Чтение онлайн

ЖАНРЫ

Шрифт:

«И ты, и я, блаженный и мудрец, созданы для одной цели, – думал Гуарди Гуэдж. – Один собирает сказки, другой – песни, но здесь блаженный справляется лучше, чем мудрец. Сказка, даже самая лучшая, рассказывается медленно, слово за слово. Песня же крылата. Привет тебе, мой бедный брат, мой учитель».

И Гуарди Гуэджу давно уже позабывшему, что такое желание, вдруг очень сильно захотелось подарить карлику хорошую песню.

Но где же найти ее? Нияз помнил их так много, а память Гуарди Гуэджа на мелодии была вовсе не так хороша, как на рассказы. Он уже совсем было отчаялся вспомнить, как вдруг начала пробиваться как бы сама собой сквозь омертвелые слои памяти незатейливая, с простеньким напевом детская песенка.

Никто в мире уже не мог помнить эту колыбельную. Она пришла из его младенческих лет. Из той поры, когда кишлаки были как орлиные гнезда, а благодатные долины Кафиристана еще сохраняли свои древние названия. И когда эмир Абдуррахман еще не покорил огнем и мечом воинов, являвшихся потомками воинов Александра Македонского, и не сжег деревянные изображения их богов.

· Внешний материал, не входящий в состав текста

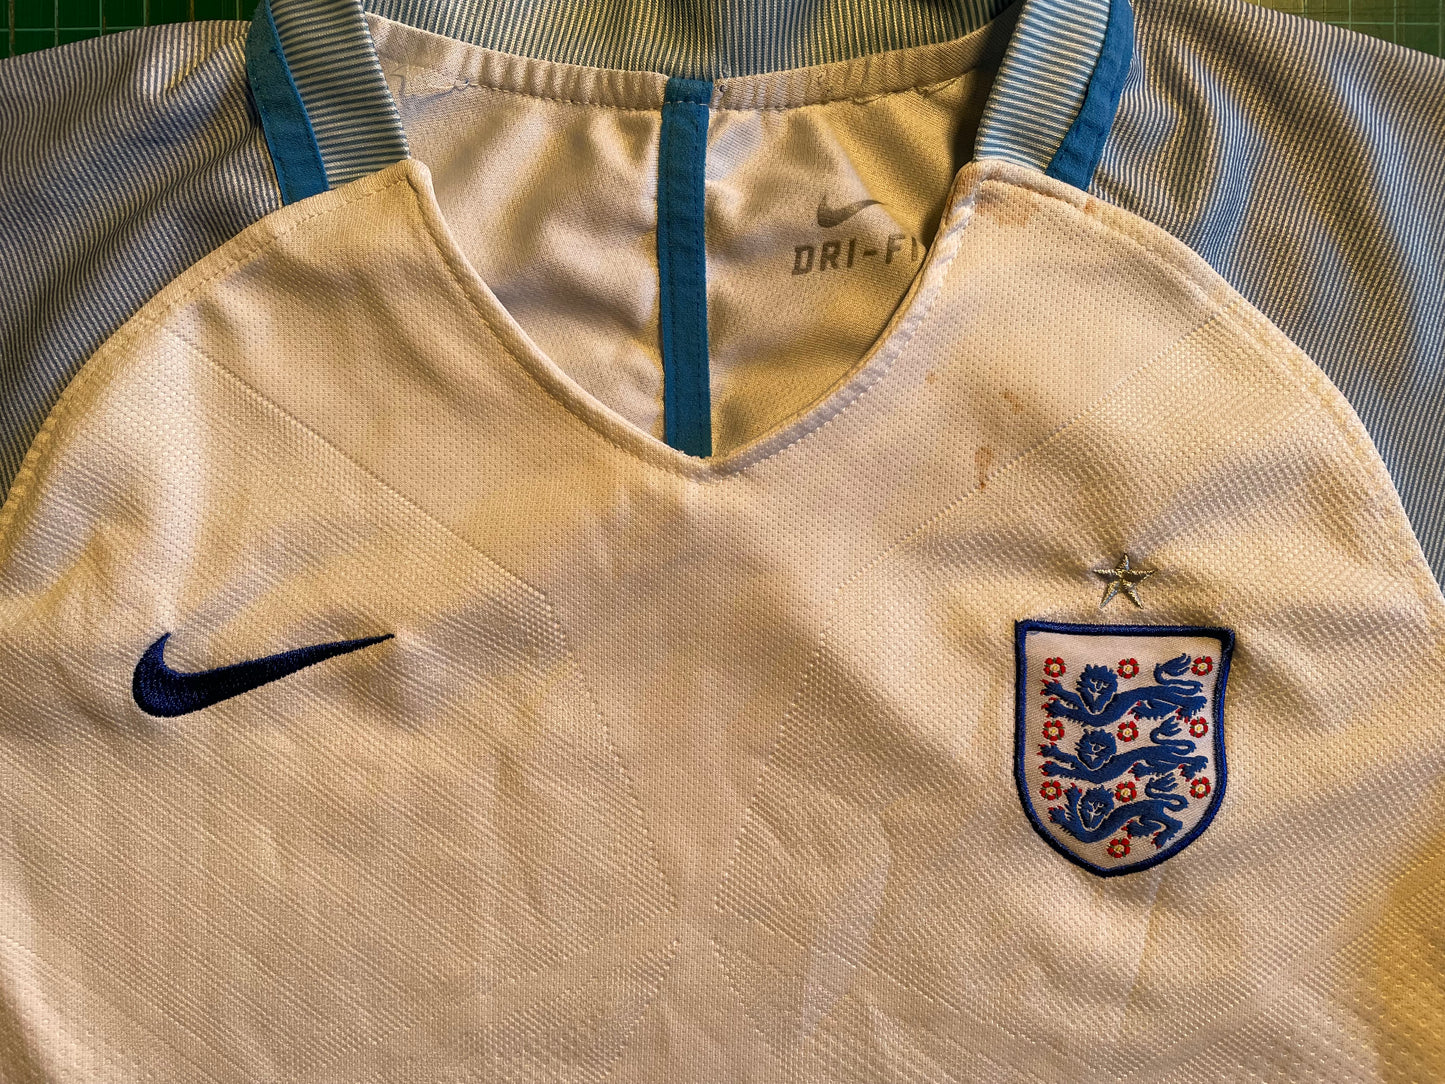 England 2016 Home Shirt (poor) Medium Boys size 24. Age 10-12? Height 16.5 inches.

А карлик все играл и играл. Потом вдруг его длинный палец нажал на струны, и инструмент умолк. Нияз повернулся к Гуарди Гуэджу. Плоское лицо его было невыразительно, губы и морщины оставались неподвижными, но во взгляде, как у животных, отражались чувства, чувства очень простые и самые сильные. Глаза карлика как бы говорили: «Ты! Ты! Единственный мой друг, не хочешь больше слушать мою домбру, не хочешь слушать меня?»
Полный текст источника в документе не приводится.